**What to produce**
Set down, please, exactly the lines below that run from the line with "From left to" to the line with "SNSで出会った人妻をハメ撮りしちゃいます 2回目 前編", both lines included.

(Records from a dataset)
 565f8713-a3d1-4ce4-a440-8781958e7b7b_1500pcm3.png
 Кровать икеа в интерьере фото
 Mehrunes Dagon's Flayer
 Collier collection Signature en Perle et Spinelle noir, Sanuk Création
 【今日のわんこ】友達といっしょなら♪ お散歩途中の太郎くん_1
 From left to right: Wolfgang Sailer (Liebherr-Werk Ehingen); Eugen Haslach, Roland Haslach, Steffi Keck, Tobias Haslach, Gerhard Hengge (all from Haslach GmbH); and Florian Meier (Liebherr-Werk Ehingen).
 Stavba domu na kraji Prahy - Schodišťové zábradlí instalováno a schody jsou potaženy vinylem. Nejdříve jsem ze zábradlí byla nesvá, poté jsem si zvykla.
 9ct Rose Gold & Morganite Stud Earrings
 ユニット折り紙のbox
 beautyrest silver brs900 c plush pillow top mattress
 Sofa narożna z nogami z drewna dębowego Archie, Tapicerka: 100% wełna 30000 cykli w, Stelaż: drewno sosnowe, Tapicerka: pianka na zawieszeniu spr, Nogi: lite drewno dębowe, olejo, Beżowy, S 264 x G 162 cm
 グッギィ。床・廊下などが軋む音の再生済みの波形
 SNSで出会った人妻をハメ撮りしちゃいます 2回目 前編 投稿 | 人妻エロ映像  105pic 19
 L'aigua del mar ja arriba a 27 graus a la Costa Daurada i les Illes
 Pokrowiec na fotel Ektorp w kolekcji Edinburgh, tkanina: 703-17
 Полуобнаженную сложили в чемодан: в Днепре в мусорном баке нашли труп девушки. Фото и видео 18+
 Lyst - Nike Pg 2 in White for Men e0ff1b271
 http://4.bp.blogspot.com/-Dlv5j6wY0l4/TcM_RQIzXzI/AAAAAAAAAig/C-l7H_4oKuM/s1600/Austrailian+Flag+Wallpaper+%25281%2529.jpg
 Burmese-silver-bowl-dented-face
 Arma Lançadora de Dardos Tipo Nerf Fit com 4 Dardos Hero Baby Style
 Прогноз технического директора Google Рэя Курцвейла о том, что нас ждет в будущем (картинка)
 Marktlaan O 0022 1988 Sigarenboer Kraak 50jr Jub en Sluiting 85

**Expected answer**
 From left to right: Wolfgang Sailer (Liebherr-Werk Ehingen); Eugen Haslach, Roland Haslach, Steffi Keck, Tobias Haslach, Gerhard Hengge (all from Haslach GmbH); and Florian Meier (Liebherr-Werk Ehingen).
 Stavba domu na kraji Prahy - Schodišťové zábradlí instalováno a schody jsou potaženy vinylem. Nejdříve jsem ze zábradlí byla nesvá, poté jsem si zvykla.
 9ct Rose Gold & Morganite Stud Earrings
 ユニット折り紙のbox
 beautyrest silver brs900 c plush pillow top mattress
 Sofa narożna z nogami z drewna dębowego Archie, Tapicerka: 100% wełna 30000 cykli w, Stelaż: drewno sosnowe, Tapicerka: pianka na zawieszeniu spr, Nogi: lite drewno dębowe, olejo, Beżowy, S 264 x G 162 cm
 グッギィ。床・廊下などが軋む音の再生済みの波形
 SNSで出会った人妻をハメ撮りしちゃいます 2回目 前編 投稿 | 人妻エロ映像  105pic 19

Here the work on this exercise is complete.